This is the third blog post in our platform strategy for operators series together with Accedo. In the first blog post, we outlined why a platform strategy is important for operators. Then we delved into Android TV, asking if it is the right platform to choose for operators. Here, we will explore the Android Open Source Project (AOSP), an open-source operating system development project that provides the core functionality of the Android OS.
AOSP is the open-source common base for the Android operating system developed and maintained by Google. Aside from the open-source base, Google also licenses additional services and software that add functionality and enable connectivity to the Google ecosystem, which comes with additional certification requirements, recommendations, and guidelines to be followed. The additional services and software licensed by Google, culminate in the branded Android and Android TV platform OS variants. By selecting AOSP as the platform-OS for an operator Pay TV device, several advantages may be realized.
For one, the device will be closed off from the Google ecosystem – meaning no Google Play Store with apps from 3rd party providers and the effective creation of a walled garden that may be completely tailored and controlled in a managed device setting. Such a closed platform may be in line with an overall operator strategy and so this option would be well suited. In such a controlled environment, operator content and services may be prioritized and promoted in any manner desired. The operator may decide what 3rd party or partner apps and services to make available if at all.
Furthermore, by limiting the number of apps and services that are running on a managed device, the overall system resource needs are lowered. As a result, the hardware choice and SoC selection benefit from the possibility of going with a less costly chipset.
So, while the Android TV OS variants (Standard Tier up to and including Operator Tier Custom Launcher), provide access to the Google Ecosystem (Play Store, YouTube, and more), AOSP is a decidedly bare-bones approach where only the operator designated content and services are exposed for a tailored and highly curated user experience.
Despite AOSP and the Android TV variants being developed and maintained by Google, there are some key differences that are important to understand when choosing the most appropriate platform strategy. How does AOSP stack up against the four main areas we identified as part of an operator OTT offering?
Unlike Android TV, AOSP is fully customizable, both in terms of the interface and features that can be added.
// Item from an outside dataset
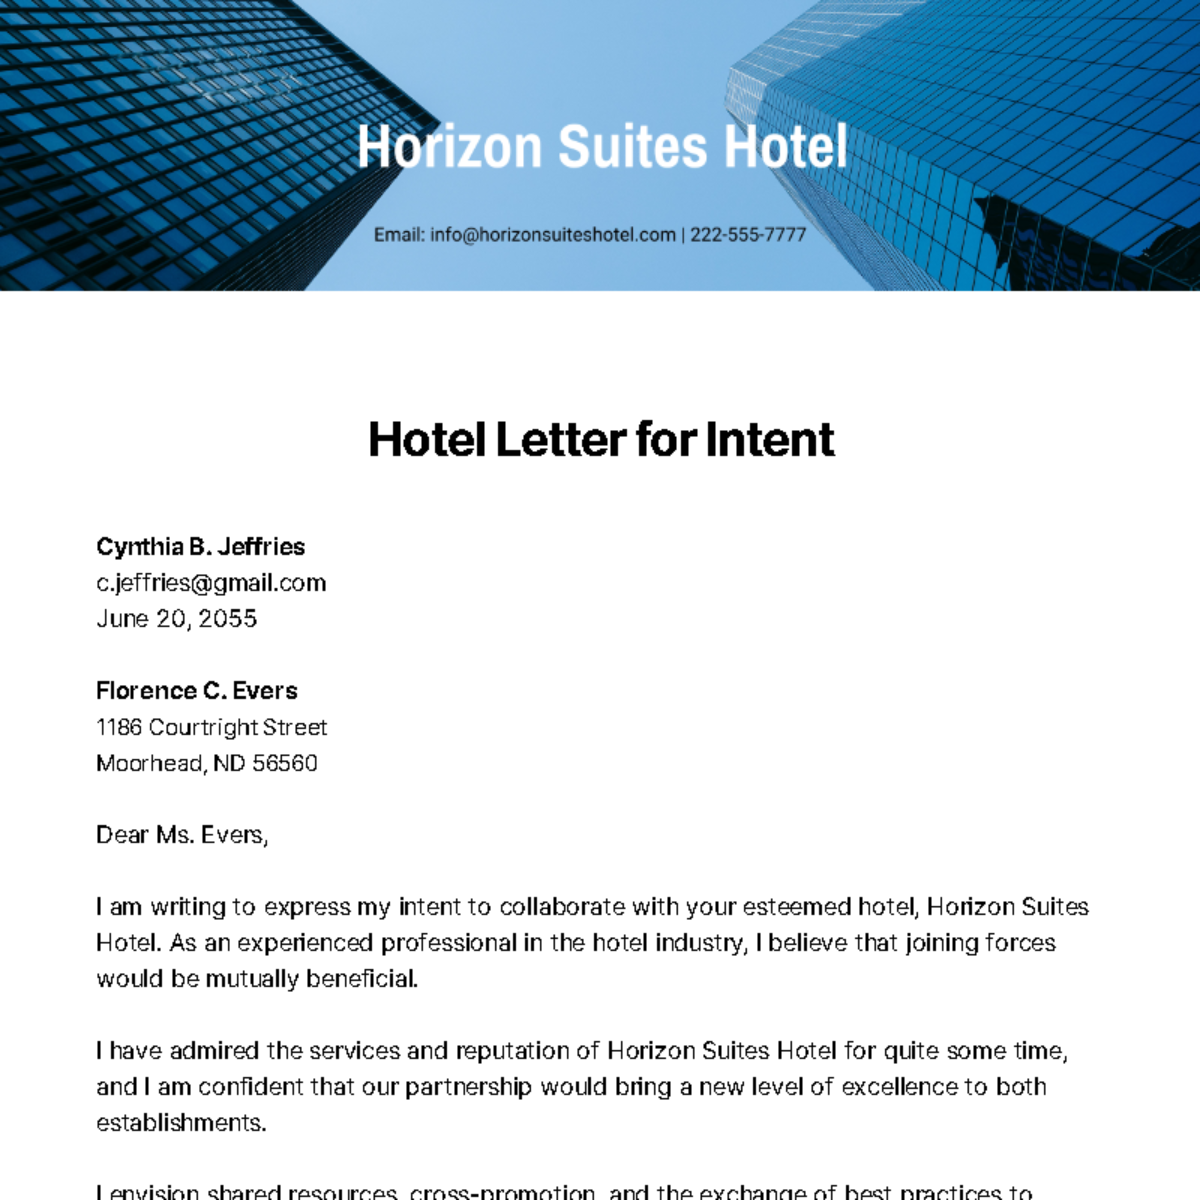 Hotel Letter of Intent   Template

Over recent years, vendors have put a lot of front-end development effort into creating a more intuitive user experience for the TV environment. This means that the latest devices on the market running AOSP deploy a fluent user interface that is much more tailored for television experiences.
Of course, for operators one of the best ways to maximize the entertainment appeal is to act as an aggregator of third-party content. With Android TV, 3rd party apps may be accessed via the Google Play Store. That is not the case with AOSP, however that doesn’t mean you cannot add third-party apps and gather direct agreements with those providers and create your own store. An operator-curated custom app store is possible by going the AOSP route. However, it does mean that such an alternative store would need to be managed outside the Google ecosystem, handle application provisioning and payments, which comes with a management and maintenance overhead of its own.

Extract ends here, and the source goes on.